Идеи, обсуждавшиеся в рукописях (и попадавшие в конце концов на станицы «Русского Дела»), были фантастичны и часто просто безумны. Полемика друг с другом была основным занятием наших корреспондентов. Чаще всего они не сходились во мнениях о том, как следует разделить СССР. Безжалостные радикалы (обыкновенно евреи) предлагали оставить от СССР только Московскую область. Люди второй волны эмиграции (обычно бывшие солдаты и офицеры армии Власова) с обидой доказывали, что территории и украинцев, и белорусов должны будут быть включены в Новую Россию (она будет основана на месте СССР). Вся эта склеротическая или охуевшая от самого факта, что оказалась за границей, публика с величайшим рвением делила шкуру неубитого медведя, забывая о том, что вот уже около шестидесяти лет самые сильные в мире охотники не могут угрохать именно этого медведя…
— С удовольствием посмотрю, Юрий Сергеевич.
Глядя в бумаги, Сречинский ушел к себе в клетушку. Дверь с лестницы отворилась, и вошел старик Мартынов, седой и высокий. «Русское Дело» снимало у Мартынова здание. Сам Мартынов, называющийся «Книгоиздательство и книжный склад А.Мартынова», проживал на третьем этаже, в помещении, до такой степени забитом старыми книгами, что оно казалось сценической площадкой для съемки фильма «Доктор Фаустус» — не хватало только летучих мышей.
— Здравствуйте, господа! Кофейком не побалуете? Что-то случилось с моей электроплиткой.

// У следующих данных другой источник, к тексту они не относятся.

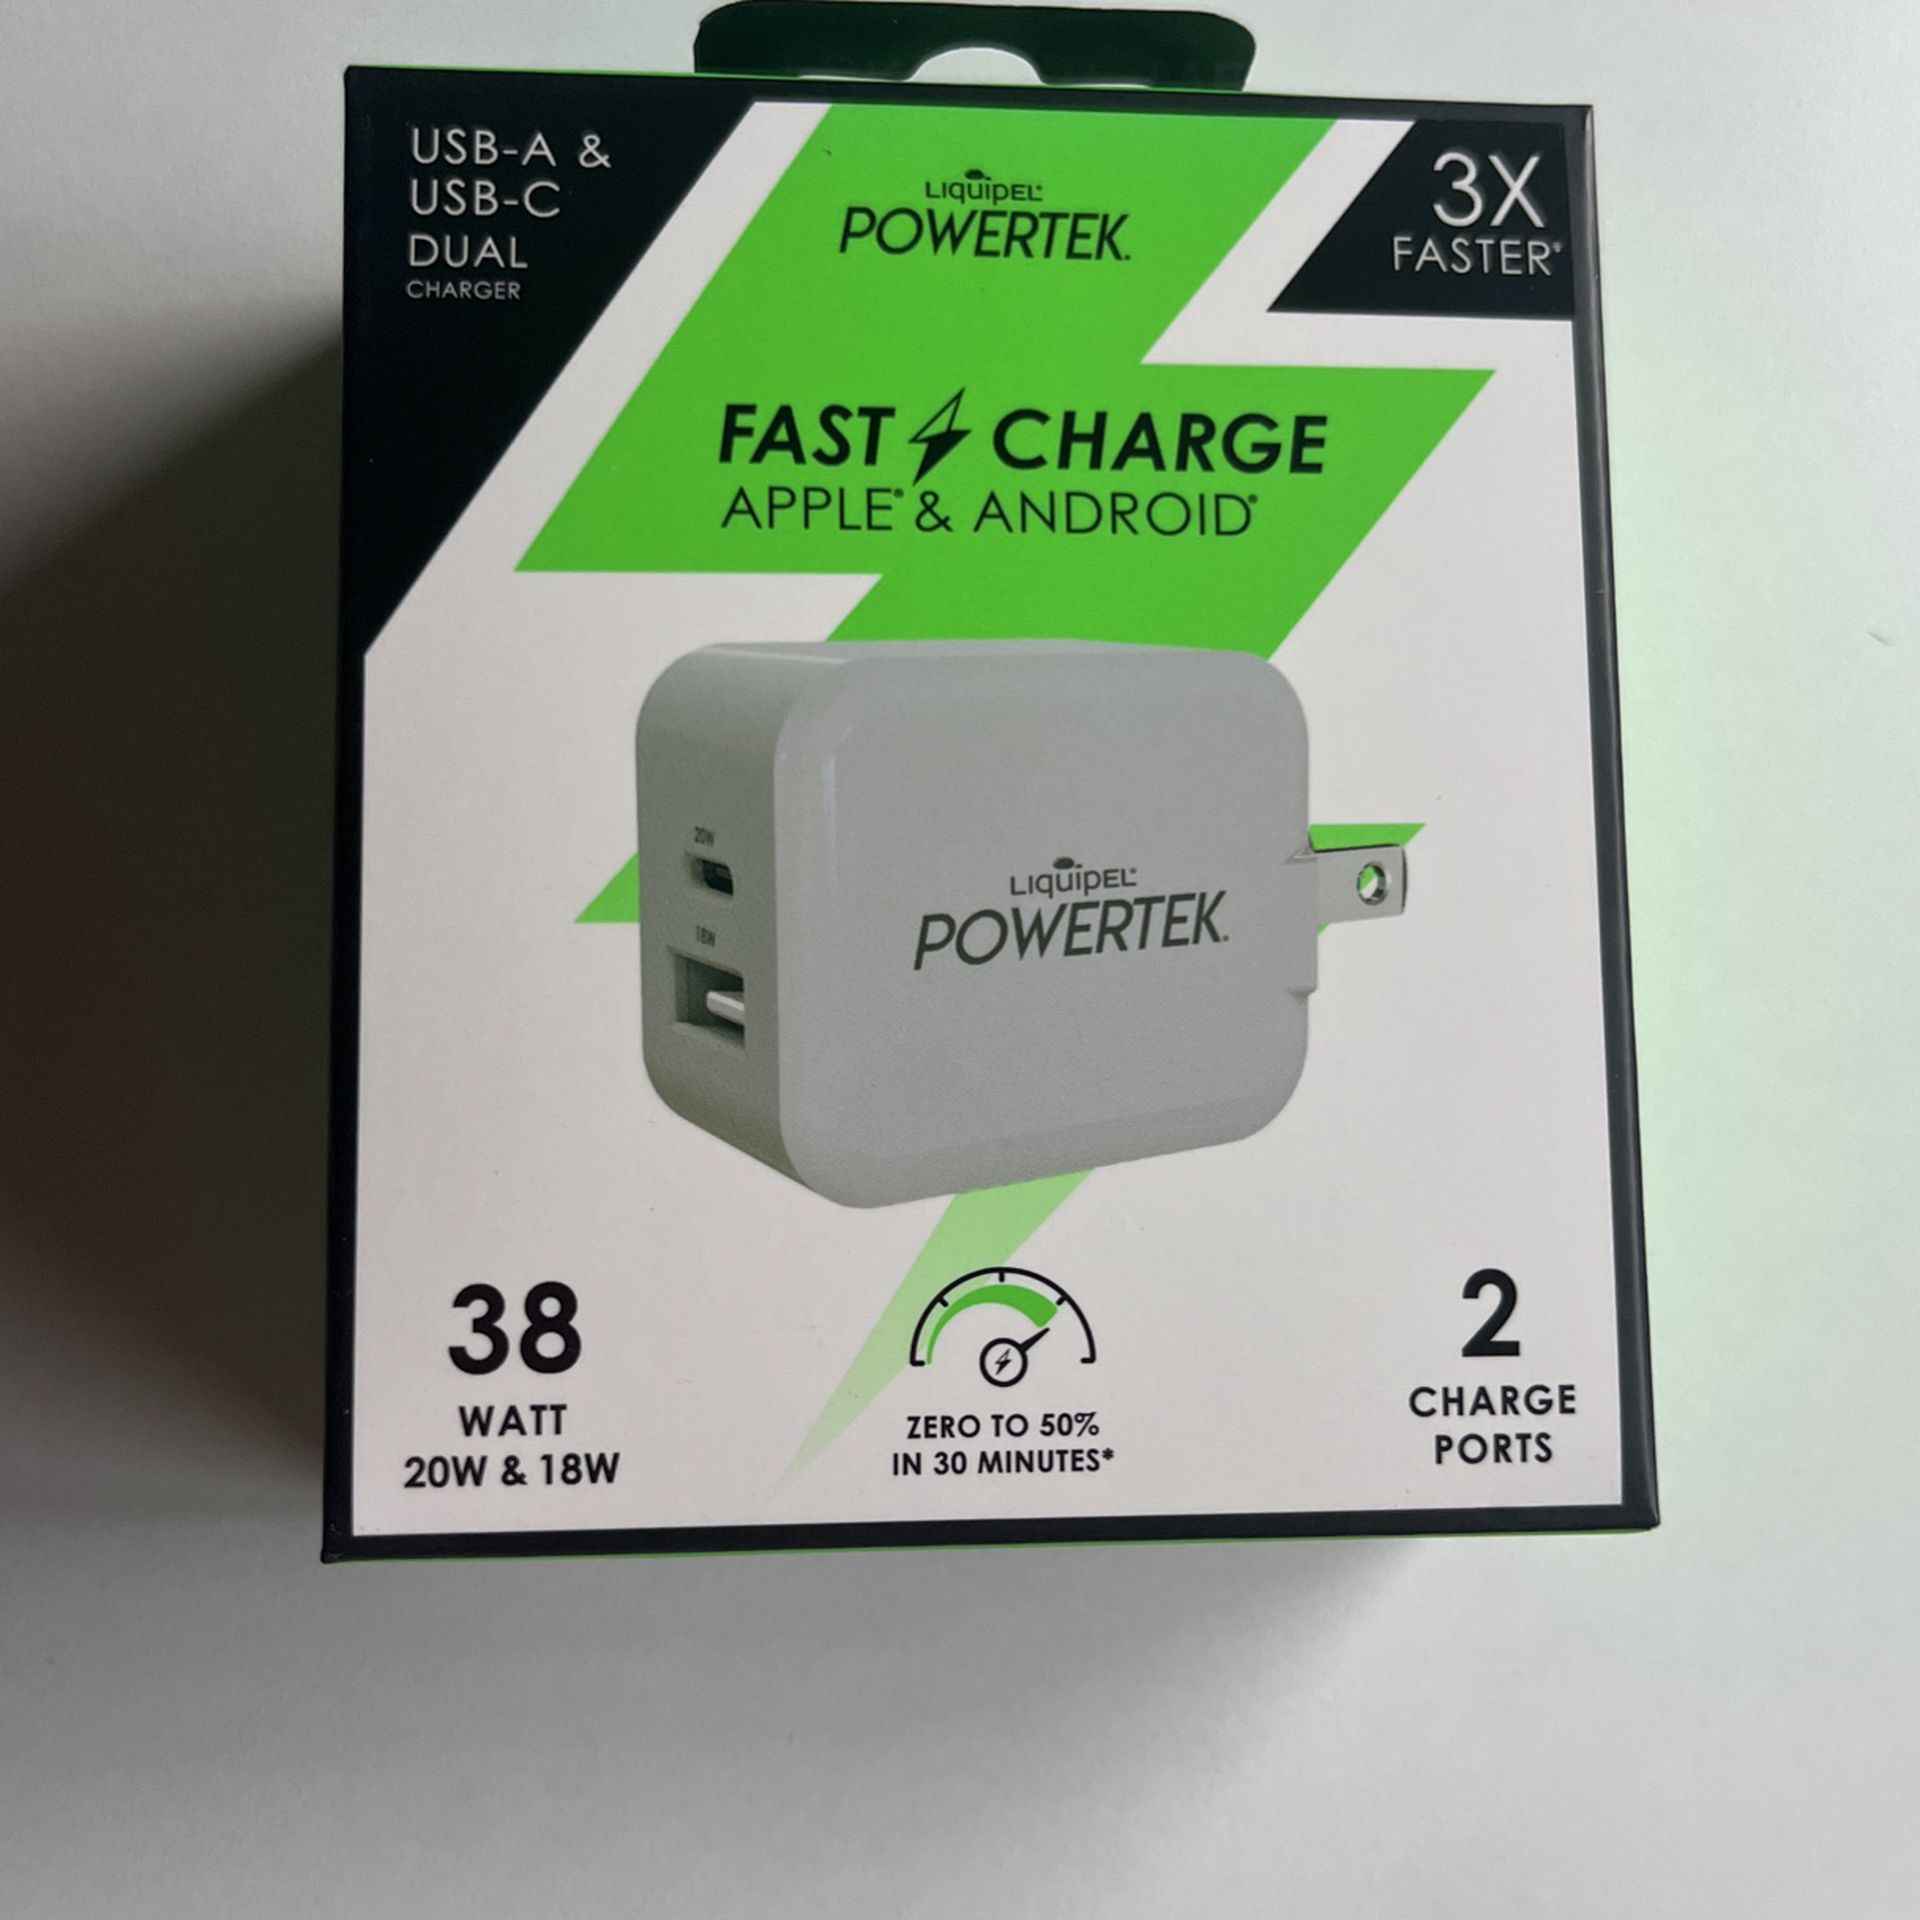 Fast Charge Dual Charger $5

Пока бухгалтерша баловала старика кофейком, последовала целая серия вступлений сотрудников редакции на территорию. Нина Рогочинская («Наша красавица» — называл ее Моисей) заведовала в газете отделом подписки.
— Здравствуйте, господа! — Шелестение плаща. Сняв плащ, Рогочинская поместила крупное видное тело созревшей до отказа и начинающей перезревать большеротой брюнетки в металлическое кресло и хрипло выдохнула:
— Опять не выспалась! Голова болит, кошмаар!
— Хотите аспирину? — спросила бухгалтерша от своего стола.
Интересно, замечали ли они сами, что каждое утро повторяют одни и те же фразы: «Голова болит… Хотите аспирину?» Никогда не пришла Рогочинская в редакцию с ясной головой. Неужели она действительно упрямо и целеустремленно ведет бессонную ночную жизнь и никогда не высыпается? Или же считает хорошим тоном делать вид, что ведет такую жизнь? Порфирий (и как он умудряется все знать?) говорил мне, что Рогочинская соревнуется с младшей сестрой Татьяной. Татьяна будто бы отбила однажды у Рогочинской мужика, и с тех пор под внешне дружественными личными отношениями сестер пылают жаром страсти. Каждая хочет победить соперницу в секс-соревновании.
Господин Милеруд, пишущий под псевдонимом Ильин, — зонтик первым, затем рука с папкой и газетами, пиджак букле, очки — возникает в двери. Это благодаря повышению господина Ильина по служебной лестнице — он стал редактором — я попал в корректоры. Всезнающий Порфирий сообщил мне, что Милеруд был в прежней советской жизни сотрудником АПН и членом компартии. Может быть, именно по этой причине он на всякий случай чрезвычайно любезен со всеми, даже со мной.
— Хотите чашечку кофе? Очень интересную книжечку получил я вчера, хотите посмотреть, Эдуард?
Стучало теперь уже несколько пишущих машинок. К Соломону Захаровичу присоединилась Анна Зиновьевна. Она переводит новости из «Нью-Йорк Пост». Несколько раз в месяц случалось, что они, плохо организовавшись, переводили одну и ту же новость. Свежеприехавшая Анна Зиновьевна и всегда сидевший в редакции Соломон Захарович враждуют молча. Между ними идет, как между сестрами Рогочинскими, соревнование, но профессиональное. Кто лучше знает английский. Кто переводит быстрее.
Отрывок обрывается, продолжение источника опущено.